Any future collabs or projects you working on for 2020?

I have so much unreleased music in my vault I already have my next EP and the album after that planned out. As far as collabs go I’m ALWAYS willing to work with other artists, regardless of the genre. Anyone that would be interested please feel free to hit me up, let’s create! However, my largest and most daunting task right now is getting the music videos filmed for my latest album “Armani”, I want to do a mini-music video for each song. I had that vision for this album since the beginning and I absolutely have to see it through. Then and only then will I feel I can move on successfully from this project and on to the next.

Our highlight question, what your definition of “indie hip hop”?

Indie Hip Hop is freedom. You’re free to create and do as you please. No big machine telling you what to create and when to release it. If you want to do one project or 10 projects a year, go right ahead. Indie Hip Hop is also innovation, that’s where all the fresh ideas and the bright new stars of tomorrow are currently. It’s also the realm where you get to prove yourself, get it poppin’ on the indie circuit and there’s literally nothing that can stop you. You can reach the people directly right there, indie hip hop is the voice of the people.

Where can people find more of your music other than Spotify?

Almost anywhere: Apple Music, Tidal, Deezer, Amazon Music, SoundCloud, YouTube, my website

“Armani” streaming EVERYWHERE….your girlfriend’s favorite playlist …you know …anywhere haha.
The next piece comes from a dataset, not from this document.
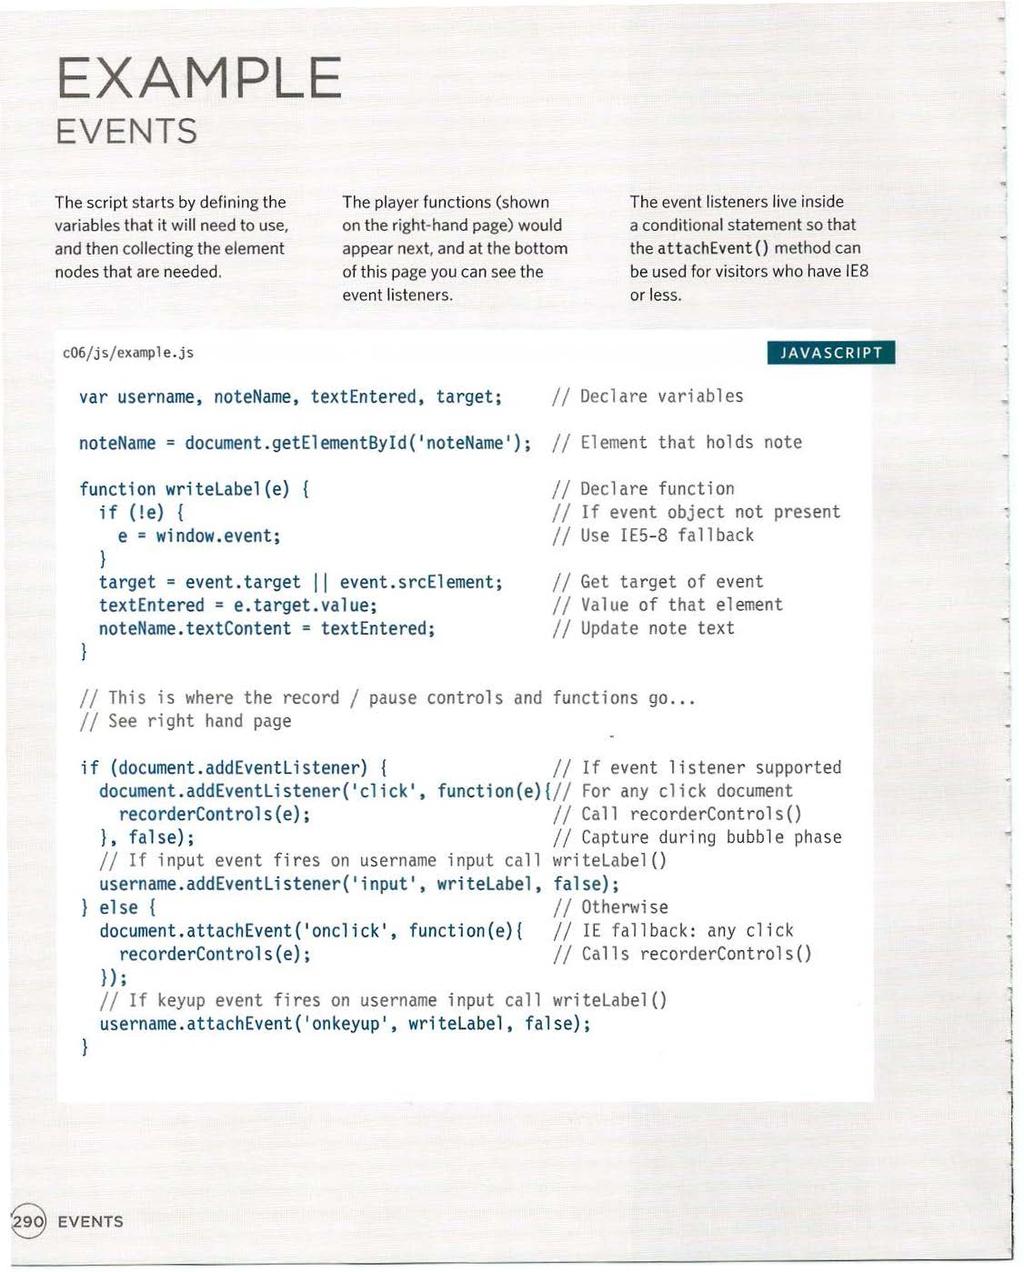 EXAMPLE EVENTS The script starts by defining the variables that it will need to use, and then collecting the element nodes that are needed.

Lastly, any shout outs you have?

Yes, first and foremost thank God for blessing me with the talent, opportunities and drive to accomplish my goals. Shout out to my engineer, Zach Summerill, the man is a literal wizard behind the boards (he has the beard to match too) and has helped me reach new heights with my sound that I would not have been able to without him. Shout out to my photographer/videographer, Ray Salazar of Morning Shot Films, the magic he’s able to create on film with so little is insane and he’s always helped take my visuals to the next level. Shout out to my business partner/best friend, Marc Jackson, who I founded Black Imperial LLC with, he was actually the first person who told me he believed in me and that I could have a career in music back when I was still young and dumb trying to find my way. And last, but certainly not least, shout out to ya’ll at IndieHipHop, thank you so much for taking the time out to interview me and review my project. From the bottom of my heart, it is truly appreciated.